I have edited the tokeniser to recognise:

any case for token words (i.e. BEGIN, begin or Begin etc.) but variables are still case sensitive
"var" and "int" as an alternative
"<>", "!=", "#" as alternatives
"print" (lower case) is recognised at any level as the integer output.
"putc" (lower case) is recognised at any level as the char output.

I rather like the upper case for keywords.
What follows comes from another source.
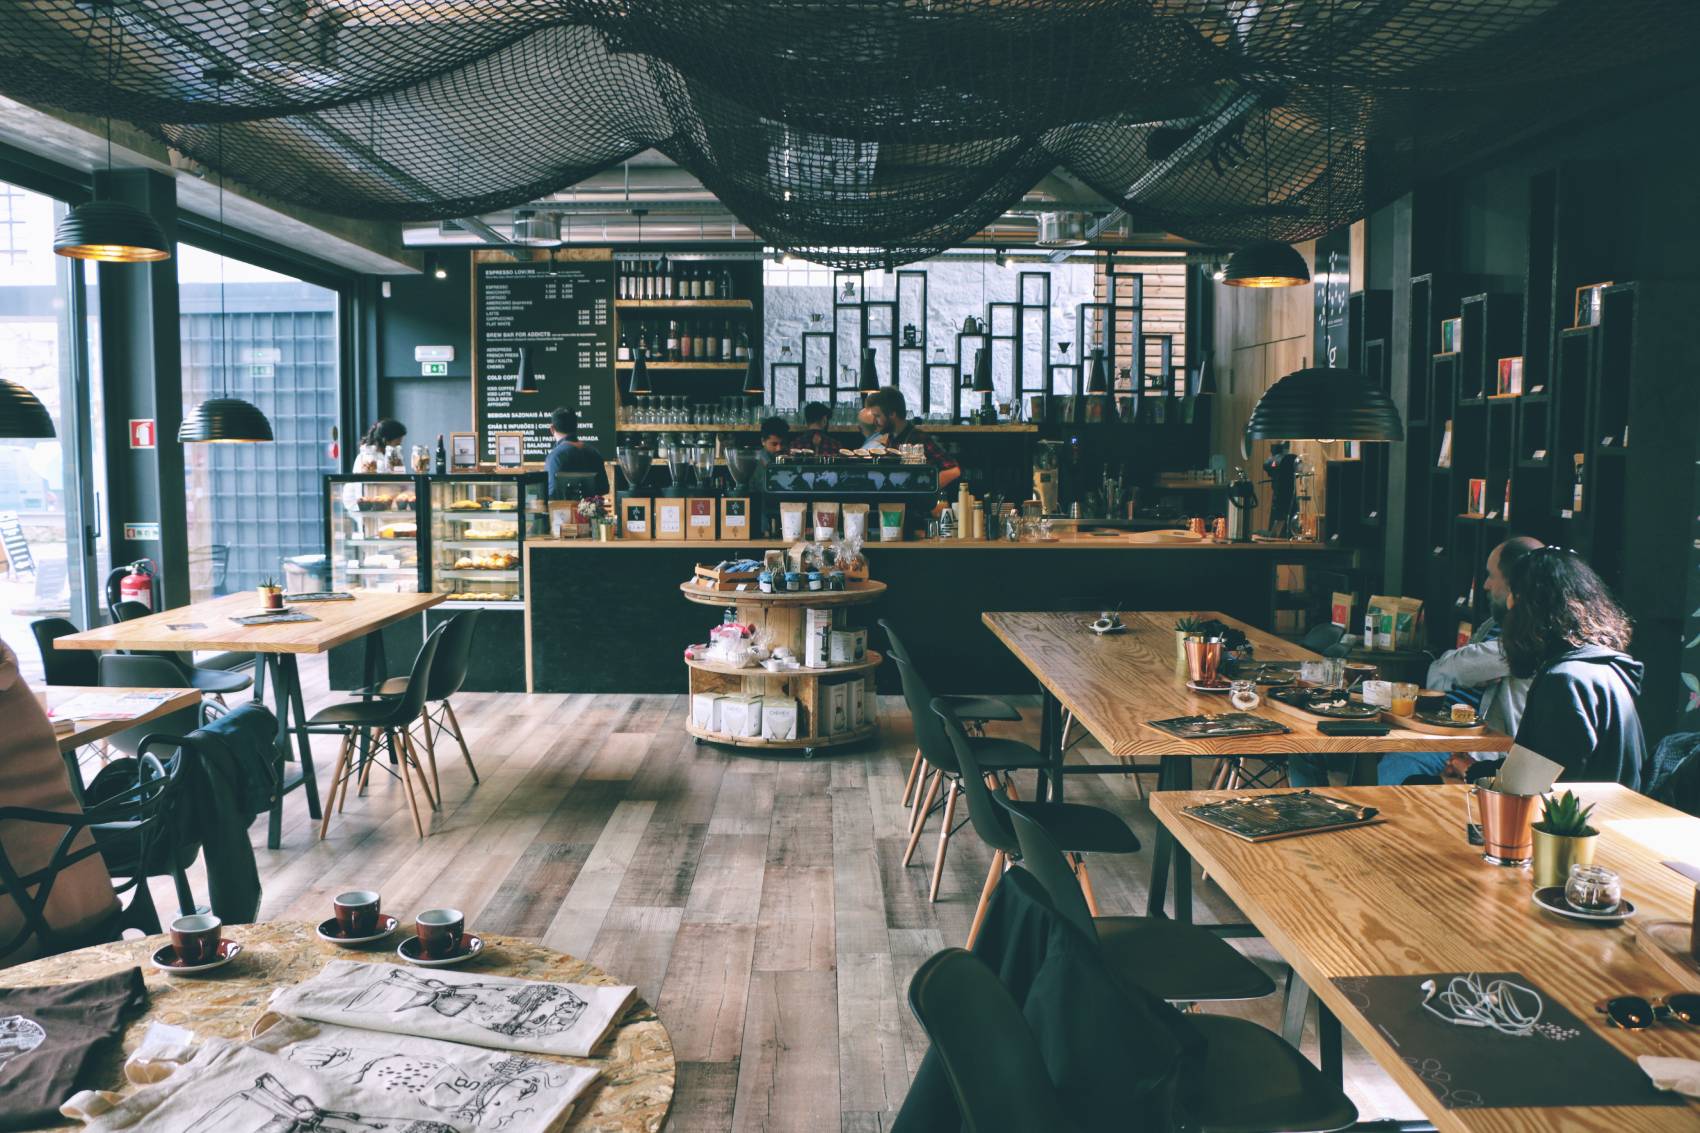 Image Comment trouver un café avec wifi pour travailler ?

Here is the result from Wirth's program:

Begin PL/0:
595

8
1

12
End PL/0.

I need a final check of the code, add a execution list option before moving on to the Subleq translator.

AlanX

Fixing Unary Minus

07/08/2017 at 00:48 • 1 comment

Language Structure

Programming languages can the presented/described in format called Backus-Naur Form (BNF). Here is a proper example from "Let's Build a Compiler!" Jack W. Crenshaw:

<b-expression> ::= <b-term> [<orop> <b-term>]*
<b-term> ::= <not-factor> [AND <not-factor>]*
<not-factor> ::= [NOT] <b-factor>
<b-factor> ::= <b-literal> | <b-variable> | <relation>
<relation> ::= | <expression> [<relop> <expression]
<expression> ::= <term> [<addop> <term>]*
<term> ::= <signed factor> [<mulop> factor]*
<signed factor>::= [<addop>] <factor>
<factor> ::= <integer> | <variable> | (<b-expression>)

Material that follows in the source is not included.